Start of Exercise materials
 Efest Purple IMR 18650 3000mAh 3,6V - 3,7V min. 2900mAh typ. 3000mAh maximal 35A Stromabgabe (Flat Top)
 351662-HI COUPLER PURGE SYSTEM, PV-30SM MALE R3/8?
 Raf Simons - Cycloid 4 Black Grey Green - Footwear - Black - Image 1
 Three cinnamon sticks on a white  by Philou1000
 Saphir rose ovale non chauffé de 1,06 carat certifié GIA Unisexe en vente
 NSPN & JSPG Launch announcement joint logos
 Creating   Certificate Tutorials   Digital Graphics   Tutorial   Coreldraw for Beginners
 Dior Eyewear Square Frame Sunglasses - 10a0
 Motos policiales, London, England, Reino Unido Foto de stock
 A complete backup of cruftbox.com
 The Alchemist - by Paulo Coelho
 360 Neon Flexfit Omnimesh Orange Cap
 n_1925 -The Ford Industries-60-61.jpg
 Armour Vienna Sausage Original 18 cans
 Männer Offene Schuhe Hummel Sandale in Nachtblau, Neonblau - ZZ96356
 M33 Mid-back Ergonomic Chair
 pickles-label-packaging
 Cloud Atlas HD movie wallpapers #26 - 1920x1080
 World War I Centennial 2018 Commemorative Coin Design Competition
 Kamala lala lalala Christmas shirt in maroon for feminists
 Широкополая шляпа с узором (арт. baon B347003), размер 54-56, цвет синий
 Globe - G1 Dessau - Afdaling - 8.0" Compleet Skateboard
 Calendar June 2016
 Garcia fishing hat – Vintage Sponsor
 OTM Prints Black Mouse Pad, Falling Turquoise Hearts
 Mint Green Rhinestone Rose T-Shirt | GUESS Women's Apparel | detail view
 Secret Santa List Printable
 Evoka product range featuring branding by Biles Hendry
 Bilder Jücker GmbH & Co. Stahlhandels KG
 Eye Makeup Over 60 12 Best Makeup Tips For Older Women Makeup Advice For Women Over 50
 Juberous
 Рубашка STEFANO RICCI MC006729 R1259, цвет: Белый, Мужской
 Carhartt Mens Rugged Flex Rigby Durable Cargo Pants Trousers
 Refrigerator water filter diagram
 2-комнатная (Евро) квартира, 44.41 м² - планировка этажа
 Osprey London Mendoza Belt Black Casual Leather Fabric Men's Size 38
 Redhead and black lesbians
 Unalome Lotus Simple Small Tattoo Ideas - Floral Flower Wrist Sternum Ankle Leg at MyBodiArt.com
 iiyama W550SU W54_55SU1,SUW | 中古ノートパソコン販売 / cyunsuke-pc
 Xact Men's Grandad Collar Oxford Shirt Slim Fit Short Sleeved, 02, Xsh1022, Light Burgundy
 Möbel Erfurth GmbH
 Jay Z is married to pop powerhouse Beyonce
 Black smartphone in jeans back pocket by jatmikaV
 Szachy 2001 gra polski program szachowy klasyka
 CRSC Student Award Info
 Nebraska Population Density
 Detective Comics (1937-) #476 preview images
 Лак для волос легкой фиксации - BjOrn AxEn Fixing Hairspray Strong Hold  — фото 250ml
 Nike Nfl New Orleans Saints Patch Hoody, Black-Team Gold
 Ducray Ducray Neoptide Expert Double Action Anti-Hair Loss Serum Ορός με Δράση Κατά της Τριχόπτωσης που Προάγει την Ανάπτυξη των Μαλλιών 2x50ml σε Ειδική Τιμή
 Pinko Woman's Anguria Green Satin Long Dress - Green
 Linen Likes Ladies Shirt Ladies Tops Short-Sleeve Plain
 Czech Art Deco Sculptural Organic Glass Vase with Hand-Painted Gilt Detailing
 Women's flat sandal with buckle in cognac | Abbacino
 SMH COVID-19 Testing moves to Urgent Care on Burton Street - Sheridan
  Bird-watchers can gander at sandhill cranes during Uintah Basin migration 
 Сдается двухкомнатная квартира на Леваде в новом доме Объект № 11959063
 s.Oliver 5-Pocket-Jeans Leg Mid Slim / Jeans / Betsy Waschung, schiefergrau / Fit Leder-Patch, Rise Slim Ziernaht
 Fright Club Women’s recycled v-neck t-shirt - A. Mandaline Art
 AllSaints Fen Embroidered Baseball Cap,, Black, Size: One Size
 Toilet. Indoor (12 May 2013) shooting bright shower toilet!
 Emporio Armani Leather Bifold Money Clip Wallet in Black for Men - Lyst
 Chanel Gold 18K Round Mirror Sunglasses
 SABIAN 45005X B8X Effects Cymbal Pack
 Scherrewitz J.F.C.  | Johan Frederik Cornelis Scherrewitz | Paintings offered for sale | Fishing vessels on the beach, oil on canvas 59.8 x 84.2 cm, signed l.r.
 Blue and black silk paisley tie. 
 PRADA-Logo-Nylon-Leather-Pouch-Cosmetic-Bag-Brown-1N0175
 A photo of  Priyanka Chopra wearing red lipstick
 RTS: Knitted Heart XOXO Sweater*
End of Exercise materials
▶ _Required work_
Above are lines of data; count those that hold "квартира" and answer with the number only.

▶ _Written solution_
2